XGBoost to TMVA conversion and TMVA inputs for RDataFrame operation

Dear experts, i am using ROOT 6.34.04 and i am loading a pickle file from a trained XGboost model input.

I see in XGboost they have a from xgboost2tmva import convert_model
which should do a conversion to XML but i also see that ROOT itself has tutorials to follow for this conversion step.

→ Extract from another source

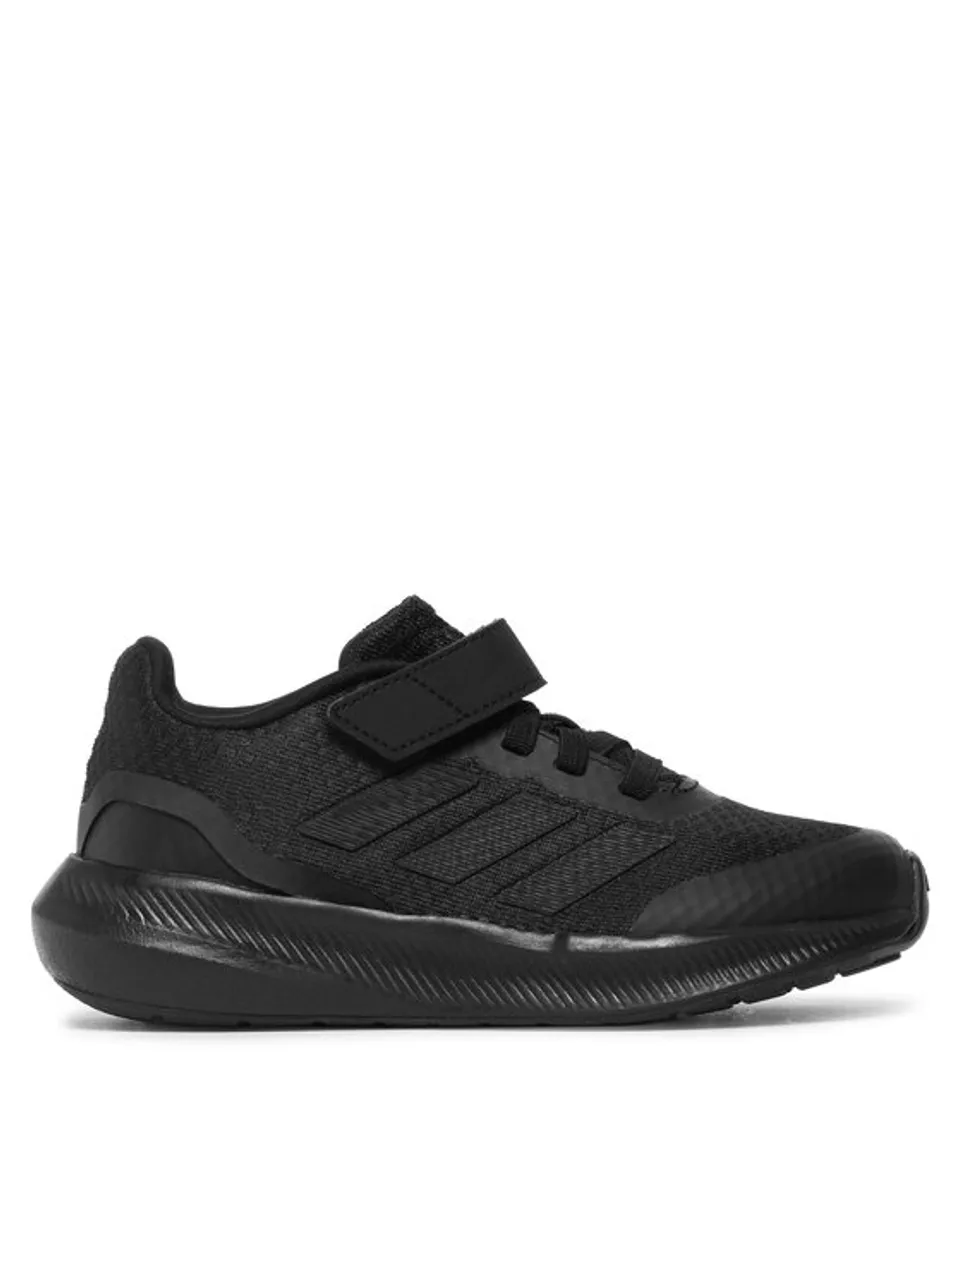 adidas Sneakers Runfalcon 3.0 Sport Running Elastic Lace Top Strap Shoes HP5869 Schwarz

I was wondering nowadays what is the more recommended way and if anyone has recent pointers on how to make a

XGBoost conversion to TMVA and an exmaple of using the reader of TMVA to define variables in a RDataFrame operation.

Thanks in advance,
Renato

PS: in the meanwhile i keep experimenting and report if i find a working setup.

Hi @rquaglia,
Thank you for your question.
@moneta could you please take a look?

So, knowing in advance the training variables this seems to work on ROOT 6.34

import pickle
import xgboost as xgb
from xgboost import XGBClassifier

import ROOT
import numpy as np

# Load XGBoost model
with open('BDTS_block7.pickle', 'rb') as file:
    xgb_model = pickle.load(file)
features_expected = [ "B_BPVIP",
                      "B_BPVIPCHI2",
                      "B_END_VCHI2DOF",
                      "B_BPVDIRA",
                      "B_DOCA12",
                      "H_MINIP"]
if len(features_expected) != xgb_model.n_features_in_ : 
    raise ValueError("Invalid expected features to model features length")
feature_names = ['f' + str(i) for i in range(xgb_model.n_features_in_)]
print(feature_names)
ROOT.TMVA.Experimental.SaveXGBoost(xgb_model, "myModel", "output_model.root", num_inputs=len(feature_names))
bdt = ROOT.TMVA.Experimental.RBDT("myModel", "output_model.root")
df = ROOT.RDataFrame("DecayTree", "test.root") 
node = df.Define("H_MINIP", "H1_BPVIP", "H2_BPVIP")
cols_input = [] 
for idx, c in enumerate(features_expected) : 
    print(idx,c)
    node = node.Define( f"BDTs_Input{idx}", f"(float){c}")
    cols_input.append( f"BDTs_Input{idx}")
node = node.Define("BDTv", ROOT.TMVA.Experimental.Compute[len(features_expected), float](bdt), cols_input).Define('BDTs', 'BDTv[0]')
c = ROOT.TCanvas()
h = node.Filter("BDTs>0.1").Histo1D("B_M")
h.Draw()
c.Draw()
c.SaveAs("BDTs.pdf")

but when i run it i see a lot of

cling::DynamicLibraryManager::loadLibrary(): libmkl_intel_lp64.so.2: cannot open shared object file: No such file or directory
Error in <TInterpreter::TCling::AutoLoad>: failure loading library libTMVA.so for TMVA::Experimental
cling::DynamicLibraryManager::loadLibrary(): libmkl_intel_lp64.so.2: cannot open shared object file: No such file or directory
Error in <TInterpreter::TCling::AutoLoad>: failure loading library libTMVA.so for TMVA::Experimental
cling::DynamicLibraryManager::loadLibrary(): libmkl_intel_lp64.so.2: cannot open shared object file: No such file or directory
Error in <TInterpreter::TCling::AutoLoad>: failure loading library libTMVA.so for TMVA::Experimental::Internal
cling::DynamicLibraryManager::loadLibrary(): libmkl_intel_lp64.so.2: cannot open shared object file: No such file or directory
Error in <TInterpreter::TCling::AutoLoad>: failure loading library libTMVA.so for TMVA::Experimental
cling::DynamicLibraryManager::loadLibrary(): libmkl_intel_lp64.so.2: cannot open shared object file: No such file or directory
Error in <TInterpreter::TCling::AutoLoad>: failure loading library libTMVA.so for TMVA::Experimental::Internal
cling::DynamicLibraryManager::loadLibrary(): libmkl_intel_lp64.so.2: cannot open shared object file: No such file or directory
Error in <TInterpreter::TCling::AutoLoad>: failure loading library libTMVA.so for TMVA::Experimental
cling::DynamicLibraryManager::loadLibrary(): libmkl_intel_lp64.so.2: cannot open shared object file: No such file or directory
Error in <TInterpreter::TCling::AutoLoad>: failure loading library libTMVA.so for TMVA::Experimental::Internal

An additional query , is any of the ‘reader’ or converter provided by ROOT actually working on GBReweighter from hepml ?
Is there any compatibile way to make the conversion and loading within RDataFrame operation for it? ( or can one convert it to another equivalent model which is then readable from TMVA::Experimental ?